母は「おかあさん、私 本当に幸せ。こんな良い旦那さんが居てくれて、ゆうこの事は何も心配してない。おかあさん、こんなゆうこをもらってくれて、ありがとうね」と泣く。

 義母も「おかあさん、それはこちらのセリフ。私達は本当に幸せだね」

 これをノートテイクしてる私って…苦笑。

 食事を終え、喫茶店に寄るだけでも「まあー! 喫茶店も連れてってくれるの? 嬉しいーーー!」と半べそ。

 母と義母と私で手を繋いで道を渡る。

 母の同じ話を 何度も笑顔で聞いてくれる義母は、今の母には唯一の友達かもしれない。(近所の人も、どんどん疎遠になってるからね…)
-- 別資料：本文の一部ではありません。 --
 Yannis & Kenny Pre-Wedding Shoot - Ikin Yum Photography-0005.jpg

 先に送る義母が車を降りると、母は窓越しに手を握って

「おかあさん! 今日は本当にありがとうね! 私 本当に幸せでした。また一緒に連れてってもらおうね!」とまた泣く。

 通りすがりの若者が思わず笑ってしまうほど。

 3人になった車内(私はノートテイクや母への対応の為、母と一緒に後部座席)で、母は財布を出して小さな声で「ゆうこ、少しだけど」とお金を渡そうとする。
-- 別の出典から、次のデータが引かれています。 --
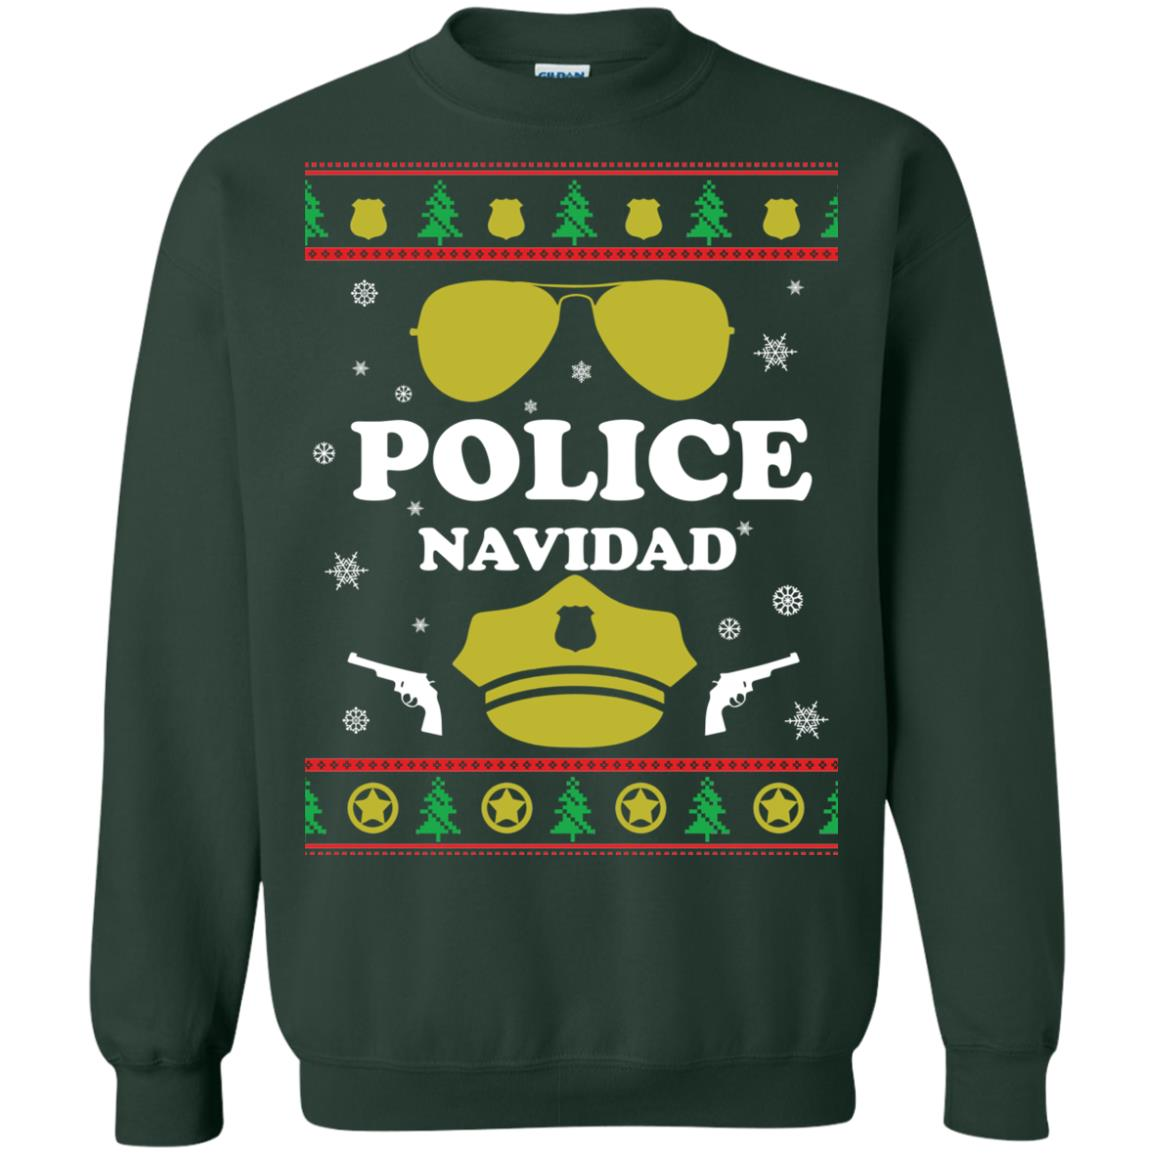 image 99px Police Navidad Christmas Sweater, Long Sleeve

 運転席の夫に「おちゃーちゃ、お金をくれようとしています」と普通の声で報告しながら、大きく手を振って断る。

 数分後、また財布を出し始める。

私「おちゃーちゃ、また財布を出してます」

 この繰り返し。

 そしてだんだん暗くなる車窓を眺めながら

「お母さん、どこを走ってるか全然わからない」

 まあ、昔からいつもそうですけど。 

 それを何度も繰り返す。

 「どこへ連れて行かれるんだろう?」「知らない所で降ろされるのかしら」って不安を感じてるのかもしれないなぁ。
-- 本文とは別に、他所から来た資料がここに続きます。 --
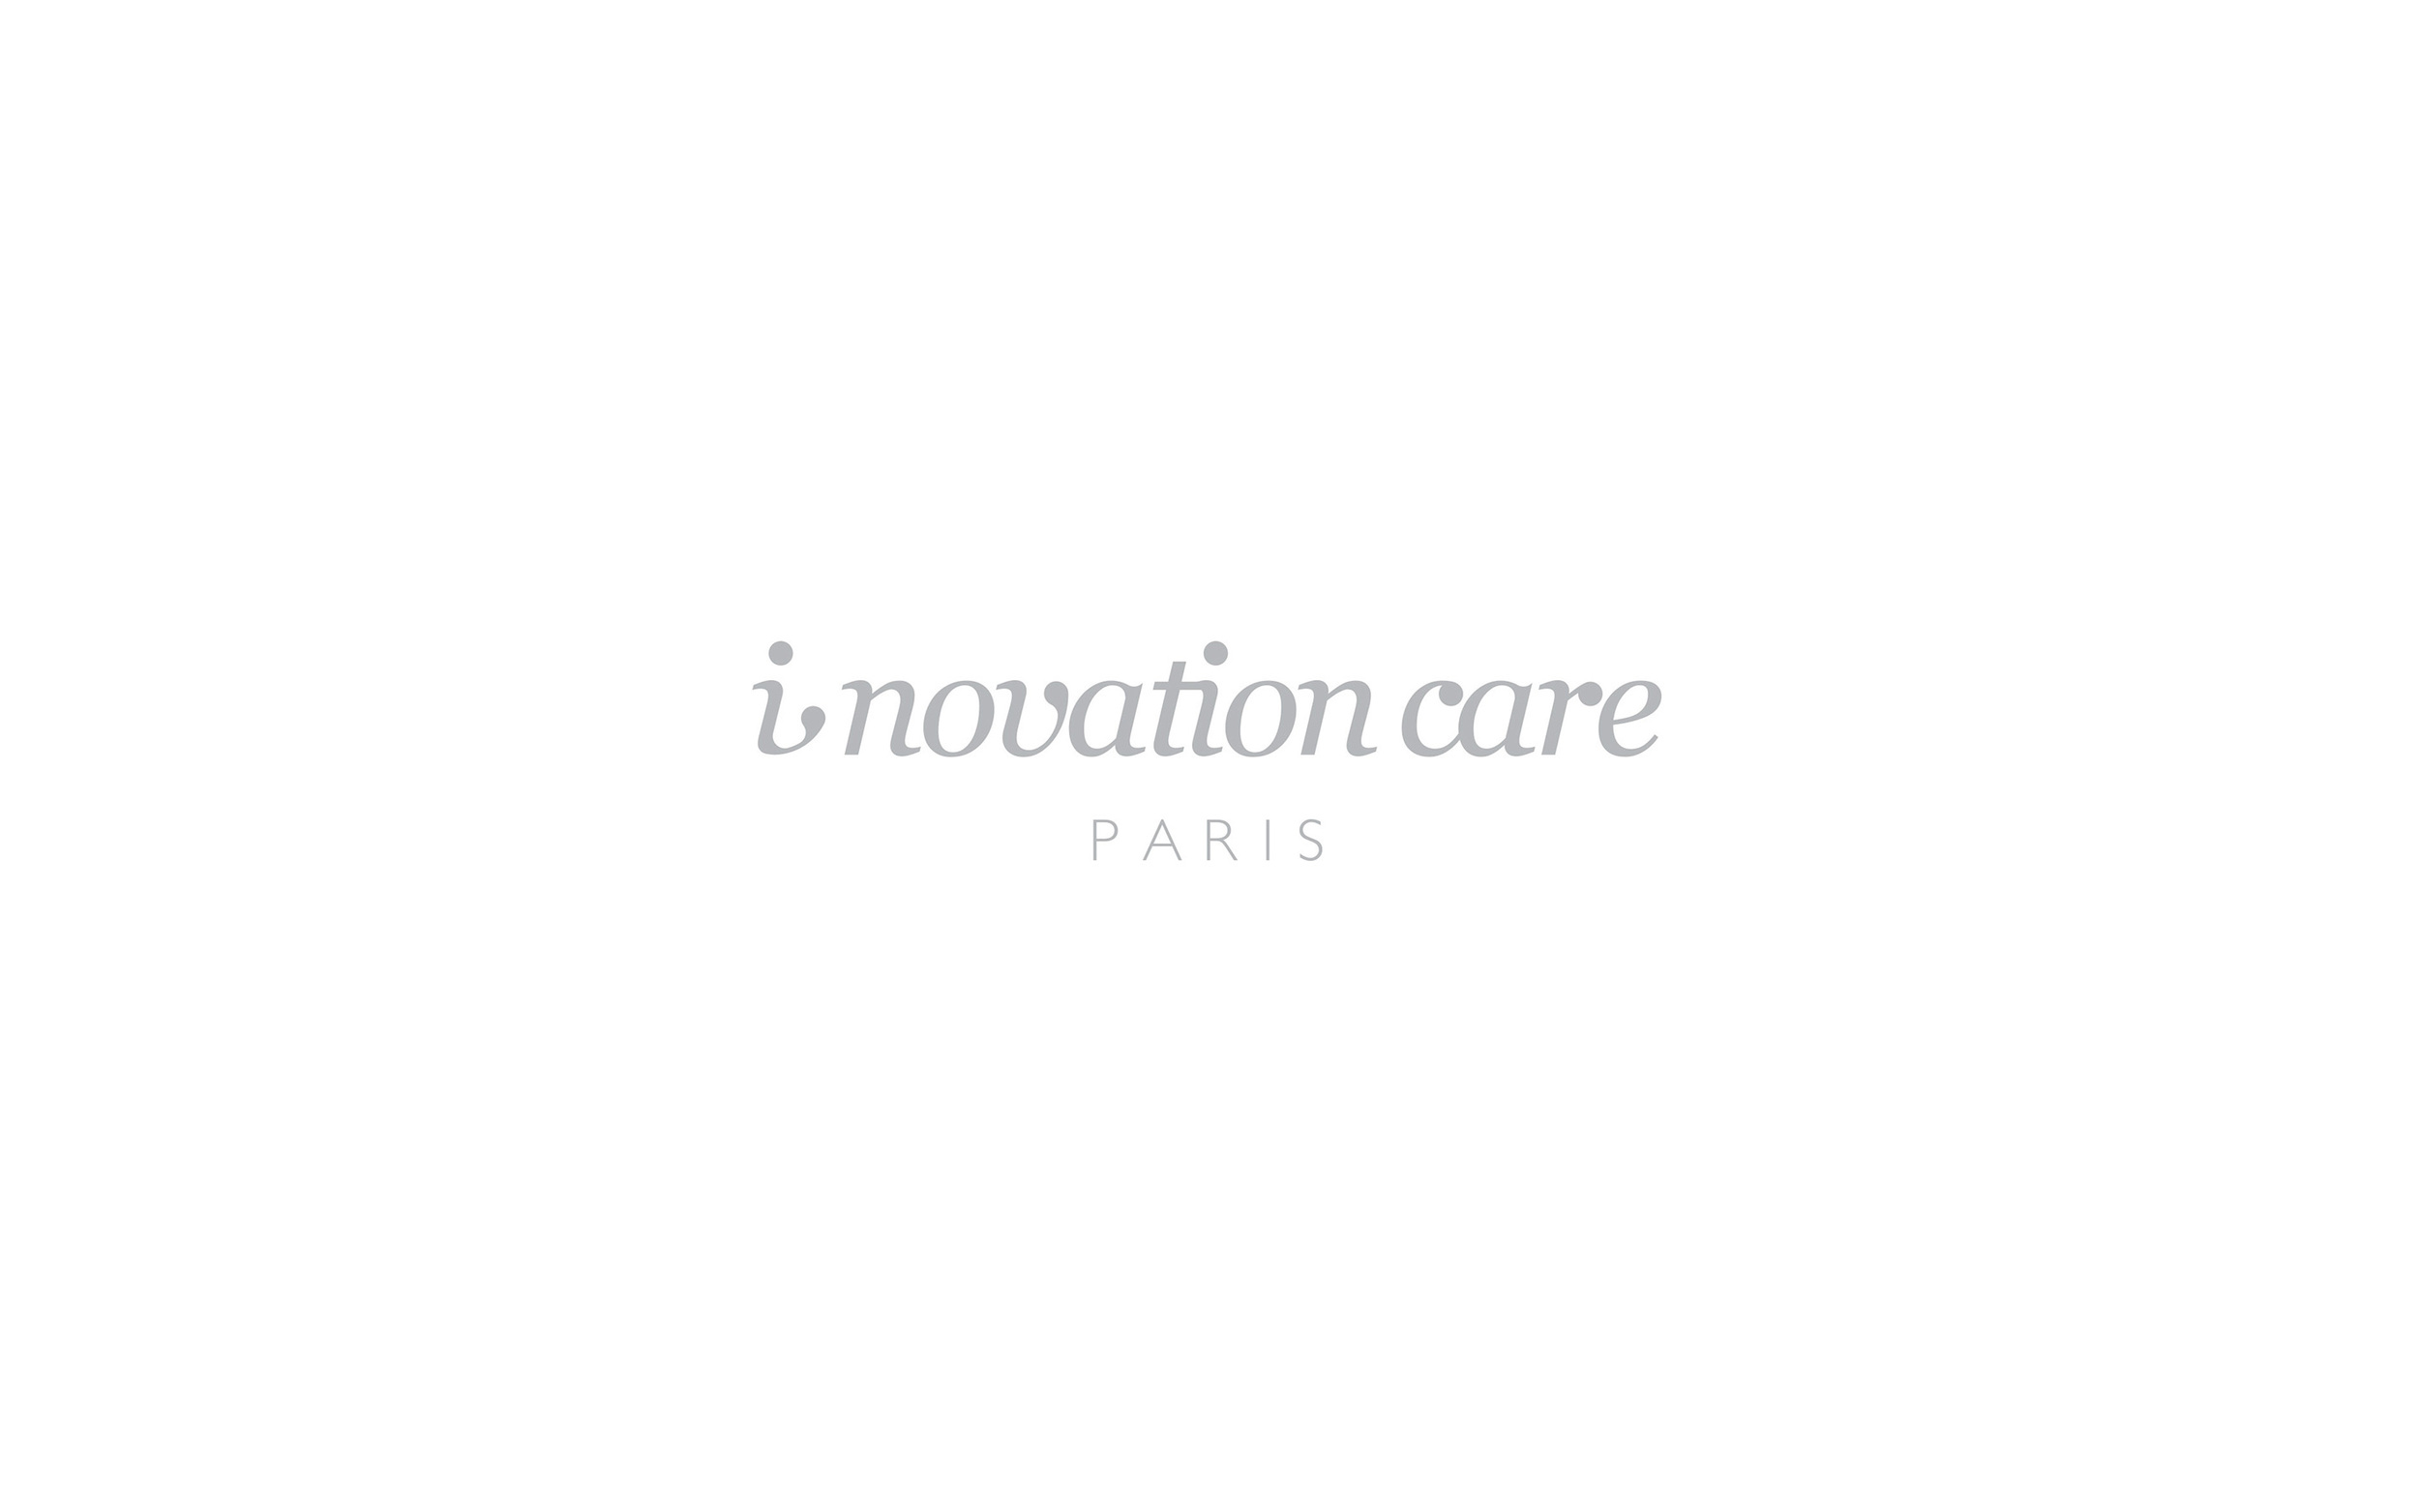 inovationcare-design-childer-01.jpg

 いつも心のどこかに「捨てられるかも」って思ってるんじゃないかなぁ。切ない。

 でも最後の信号交差点まで来た時

「あ~やっとわかった」と 安心した模様。

 別れ際「本当にありがとうね。夫桃さんに よろしく言ってね」

 いや、自分で言ってくださいよ。そこに居るんですから(笑) さっきから すでに10回以上言ってますし。

 金曜日の夜、ふと母は何かをすごく楽しみにする事も もう無くなってるなぁ…と思ったんだけど、思いがけなく、義母と会う事が 母の最大の楽しみだったと知った。

 自分で美容院へ行くスイッチが入ったなんて すごいわ。お義母さん ありがとう!